Guest Viewpoint from Robert Heath:
Suppose that you are stopped at an intersection, minding your own business, when you are suddenly hit from behind by another car whose driver was texting at the time. You’re shaken up but get out to inspect the damage. The police come and ask if you want to call an ambulance and go to the hospital. Even though your back and neck are hurting and you have a terrible headache, you decline and decide to go home and lie down, thinking that you’ll be better in a few days. Over the next several days, the pain gets a little better but doesn’t go away and you’re debating whether to go get “checked out.” A week goes by and the pain is still there, so you decide to call your doctor for an appointment. His schedule is busy so you can’t be seen until the following week, fifteen days after the accident. By then you’ve noticed a tingling in your left arm and you report that to your doctor. He orders some x-rays and, unsatisfied, an MRI and other tests to determine whether you have nerve damage.
The bills total $3,850.00 but you are not concerned. You have personal injury protection (PIP) insurance – that insurance that Florida law requires you to buy. You’re covered, right? Wrong.
Suppose that you are aware that you are injured and elect to see the chiropractor that has treated you for the past twenty years who can get you in this afternoon. No worries, you have $10,000 of mandatory PIP coverage, right? Think again.
What if you decide to make a claim for your PIP insurance benefits but the insurance company demands that you appear at their attorney’s office, without an attorney of your own, orders you to bring copies of your tax returns and medical records for the past ten years and then grills you for three hours under oath about everything from your sex life to your last gynecological exam. You don’t have to put up with that just to get your medical bills paid, do you? Sorry.
Welcome to the Auto Insurance Company Relief Act of 2012.
That’s not what it’s called officially, but that is still the effect of the “reform” bill passed by the Florida Legislature late in the night on the last day of the session.

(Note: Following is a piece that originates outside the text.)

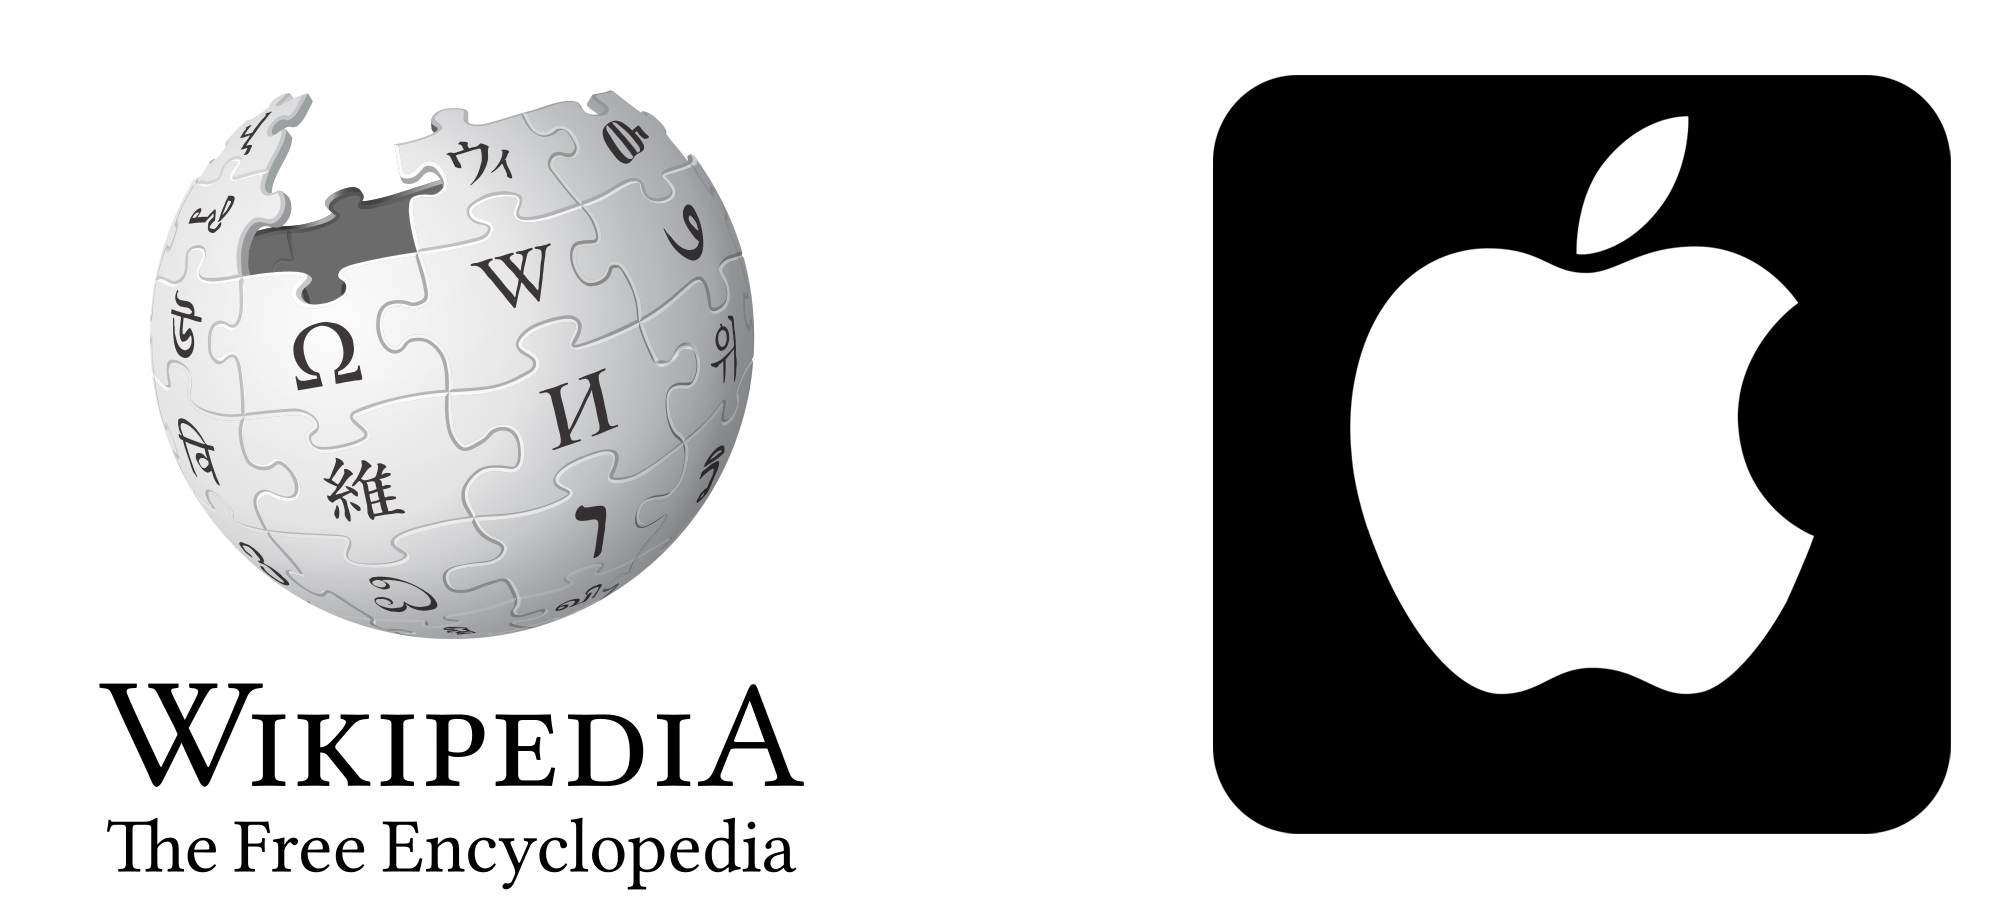 Логотипы интернет-энциклопедии Wikipedia	и  производителя цифровой техники и  электроники Apple

No Fault Auto Insurance was created in 1971 to provide payment of medical expenses and lost wages to Floridians regardless of whether the accident was their fault. It requires each and every car owner to purchase a minimum of $10,000 of insurance and to show proof of insurance coverage when renewing the vehicle’s license each year. The Florida Supreme Court has said time and time again that the law was designed “to provide swift and virtually automatic payment so that the injured insured may get on with his life without undue financial interruption.” When the insurance company failed to do so, the policyholder or his doctors, could sue the company and, if it was determined that the insurance company wrongfully denied the benefits, require that the company pay the claimant’s attorney’s fees. That was before Governor Rick Scott and the Legislature decided to help out the insurance industry.
Over the past several years, fraudulent insurance claims have increased in areas such as Miami, Tampa and, recently, Orlando. The problem has become so pervasive in South Florida that insurance rates have gone up as a result across the state. It is a legitimate concern for lawmakers to address. However, instead of beefing up funding for law enforcement to fight these criminals, the Governor and the leaders in the Legislature seized upon the opportunity to eliminate the “fraud tax” by completely gutting the benefits available to the honest, legitimate claimants they claim to be concerned about and delivering the insurance industry its fondest wish list.
Now, despite the fact that you are truly injured and your claim is completely legitimate, if you don’t get to a doctor, hospital or urgent care center within 14 days, you have no insurance coverage. Unless your injury is extremely serious, you will only get $2,500 in insurance coverage, not the $10,000 you paid for. Although massage therapy or acupuncture may be beneficial to you and your preferred method of treatment, it’s not covered. And, yes, you still have to show up to be grilled by the insurance company’s lawyer. If you don’t, you have no coverage. If you are a doctor, you won’t get paid if your patient, or in some cases your patient’s passenger, refuses to attend. You won’t even know if the insurance coverage has run out unless you file a lawsuit because the Governor doesn’t think that’s important information for you to have.
What began as an effort, at least in the Florida Senate, to draft a law that dealt strictly with the fraud issues eventually became a dream come true for insurance companies in the waning days of the legislative session thanks to immense pressure from the Governor, Lt. Governor, House Speaker Dean Cannon and Senate President Mike Haridopolos. Undoubtedly, the $100,000 contribution by United Auto Insurance Co. to Gov. Scott’s political action committee two days before the vote got the Governor out of his chair. Those that resisted were snatched aside and threatened with vetoes of their bills or other bare knuckle political moves that would send their political careers into oblivion. The intimidation worked. The Senate caved in at 9:30 p.m. on the last day of the session and passed the bill by one vote. Florida consumers lost.
The one thing they didn’t change? You still have to buy $10,000 worth of insurance, although it’s unlikely you’ll ever qualify for those benefits.